As Nate made a few notes of his own he said, “Continue.”
“Not much left. Mostly it is just to let you know what else is coming in and maybe some ideas how you can make people want to buy it.”
“So tell me already woman,” Nate said grinning around another drink of sangria.
“Loco,” Emi said though it was with a grin of her own. “The Barbados cherry … it is good with lots of Vitamin C, something your customers might like to know. The capulin … can be used like a sweet cherry and that too is good because like the apples there aren’t real cherry trees this far south. Abuelo would even make a wine from such fruit … much to Abuela’s sometimes disgust. Then there is the coconut you know, or you should since the wind threw one at your head this morning.”
Nate growled playfully. “Watch it.”
Emi just shrugged innocently … or as innocently as she could pretend to be. “You have the Chickasaw plum though they need to be cleaned and fenced off better to keep the cabras out.
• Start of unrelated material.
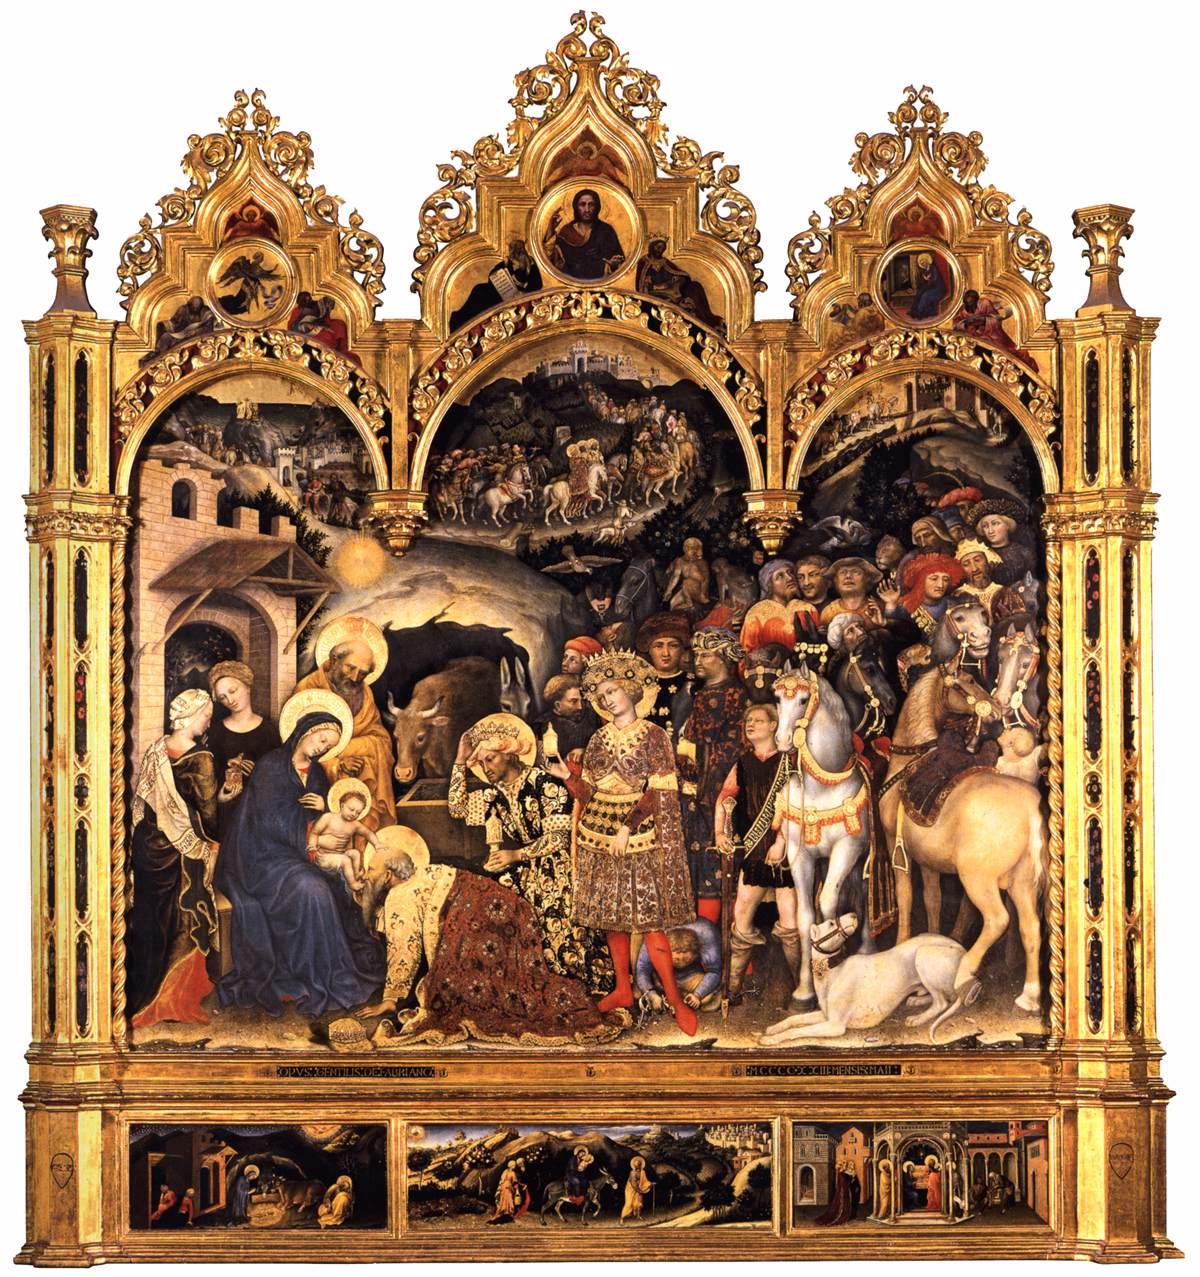 Gentile da Fabriano, Aanbidding der Wijzen, 1423, Galleria degli Uffizi, Florence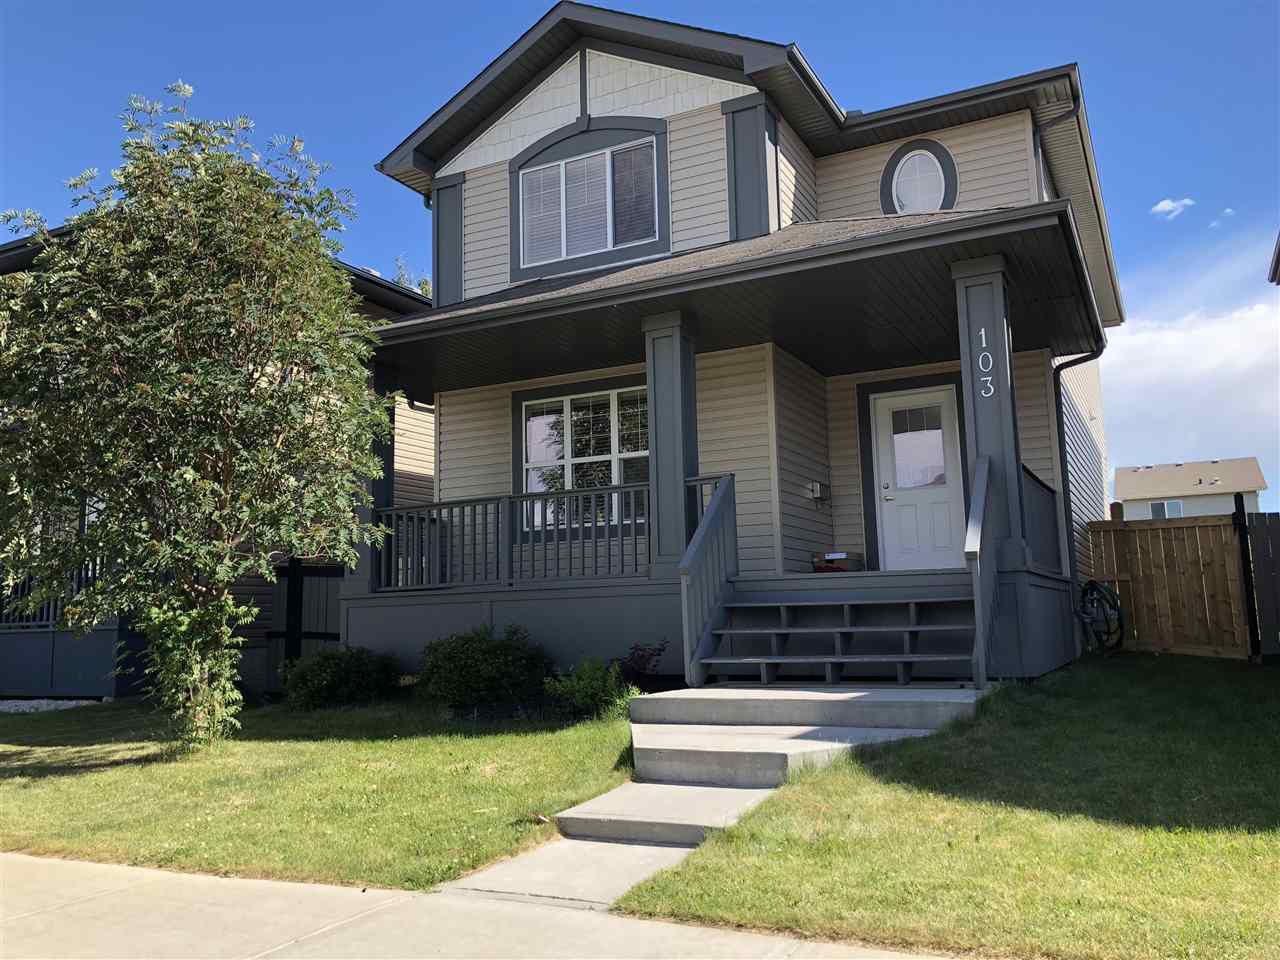 Main Photo: 103 Keystone Lane: Leduc House for sale : MLS®# E4119148

They eat the saw briar vines but then just continue on to everything else. Luckily we caught them before the poor goats could get sick. Next to the Chickasaw is the cocoplum and closer to the water’s edge are a stand of elderberries though I think those are natural and not part of the planted orchard. Some other things are … hmmm …” Nate saw her close her eyes momentarily before reciting, “Jamaica cherry, the lychee will finish this month, pitomba, sea grapes, white sapote, and those cactus that Benji doesn’t like are actually dragonfruit. Your buyers should also like the mangoes and papayas. There will be other things next month but mostly just a continuation of what is coming in this month. Is that enough? Is it good?”
Buzzing from the sangria Nate said, “Let’s get the kids to bed and I will show you how good.”